Okay, Where Actually is L.A.?

Los Angeles Map... sort of
Los Angeles Map… sort of

Even casual followers of our fine city vaguely know about the labyrinthine geographical complexities of Los Angeles. The old line, “There’s no there there,” which I always took as an outsider’s misguided slap at L.A., sort of makes sense in the context of our map.

Look up sprawling in the dictionary, or rather on dictionary.com these days, and you’d expect to find an aerial shot of this city of angels and angles. L.A. proper seemingly stretches on forever, which means the inevitable hours in traffic if you’re going anywhere across town. Okay, we get that, we handle that as part of living in one of America’s urban treasures.

The thing is, though, that sprawl often isn’t even a part of our city, although it’s smack dab centrally located in it, or inside it, or about it anyway.

Confused yet? You will be.

Long ago, some people came up with the bright idea that it would work well if other cities and towns were allowed to be placed directly into the middle our already spread out metropolis.

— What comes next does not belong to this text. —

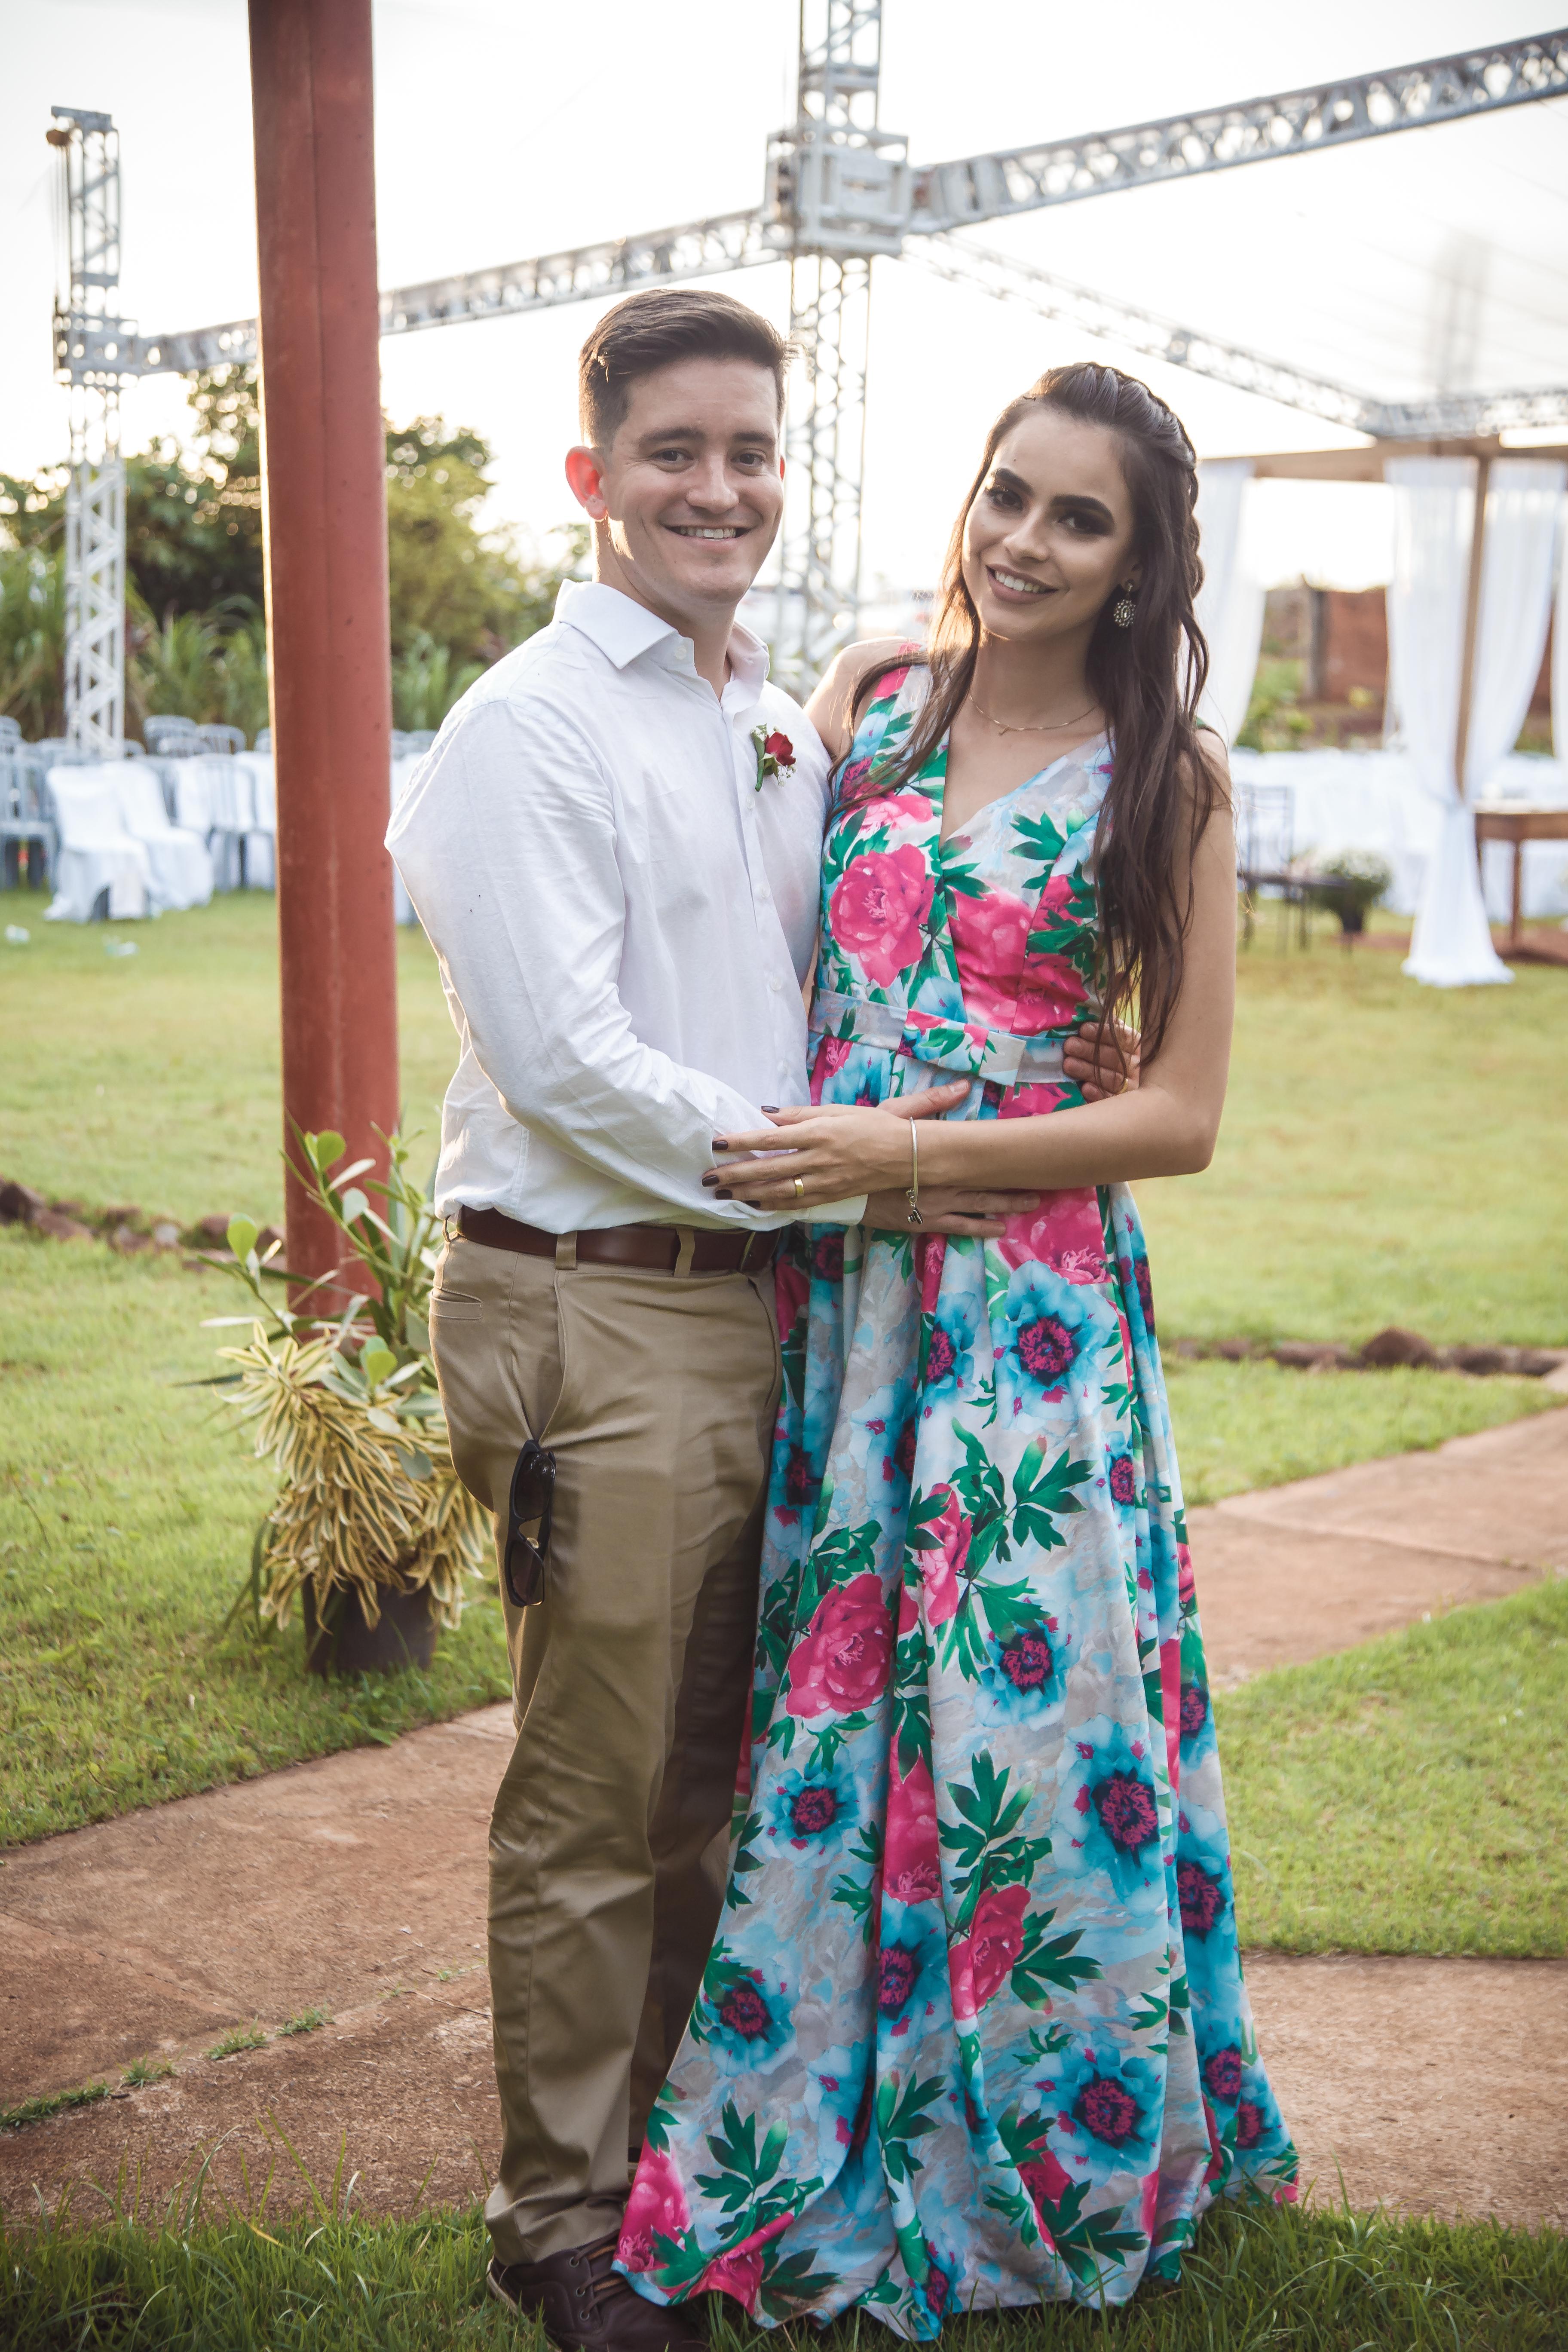 Contate Carlos Nikito Fotografia, fotógrafo de casamentos. Itumbiara - Goiás

Were they playing a practical joke? Okay, it worked. We’re all confused. I’ve lived here for two decades and I’m never 100% sure when I’m in L.A. or in a neighboring location, although this neighbor lives kind of in our house, not next door.

Can you imagine other city planners dropping, say, Jersey City into the land currently occupied by New York’s Central Park? Or, for my international reader, how about situating Liverpool just north of Mayfair in central London?

To locals, it’s confusing enough. Imagine how visitors must feel as they Zip car around trying to understand the perplexing design of L.A.’s start-and-stop and then start all over again layout. Are they’re actually in L.A. or perhaps visiting one of the many other cities and towns that are inexplicably situated inside the perimeter of our greater – and I only refer to that in respect to size – city.

Explain to an out-of-towner then that in order to drive to a particular restaurant in L.A. means that they will leave L.A., enter Culver City (not L.A.), exit Culver City, enter L.A. again in Del Rey, head through Marina Del Rey (not L.A.) come back into L.A. (Venice) and then get stuck in traffic driving through Santa Monica (def not L.A.) before arriving in Pacific Palisades (back in Los Angeles again) and you may have to resuscitate them with oxygen.

Look at the map and you’ll wonder how this ever started.

The strangest section has to be the putter-shaped L.A. cutout that starts near Watts and then keeps it’s incredibly skinny perimeter for many miles south, surrounded by non L.A. communities like Gardena, Carson and Torrance. This pencil thin piece of L.A. at some points only exists under the 110 Freeway. It’s as if City Council declared that’s okay we’ll keep the highway for L.A. and you others can have the land on both sides.

The Valley doesn’t escape the action either, as Studio City, Toluca Lake, Cahuenga Pass and even Hollywood – proud L.A. neighborhoods all – push in from four sides on non-L.A. stalwart Universal City. Yeah, L.A. but we got the King Kong tram car!

Nearby, show-bizzy Burbank is at least only surrounded by Los Angeles on three sides. Glendale covers the fourth. And all the way up north don’t forget about rectangular soloist San Fernando which looks to its L.A. connectors Slymar, Pacoima and Mission Hills without the least bit of city envy.

Back on the pricier side of the hill, you might get a kick out of the tiny Veterans Administration zone (not L.A.) that is just a blip of land sandwiched between Brentwood, Westwood and West L.A. – all parts of our city. And for those who might be wondering, East Los Angeles near downtown isn’t Los Angeles either, but if anyone there wants to get a taste of L.A. proper they can just walk across the street to Boyle Heights.

Baldwin Hills is fun because it’s actually in Los Angeles and not in Los Angeles. Please don’t ask me to decipher that one. With all of this happening on the LA. map, it’s absolutely no surprise that when we finally get our football team, sometime before 2050, they’ll play their home games in Inglewood, which is conveniently surrounded by three Los Angeles neighborhoods.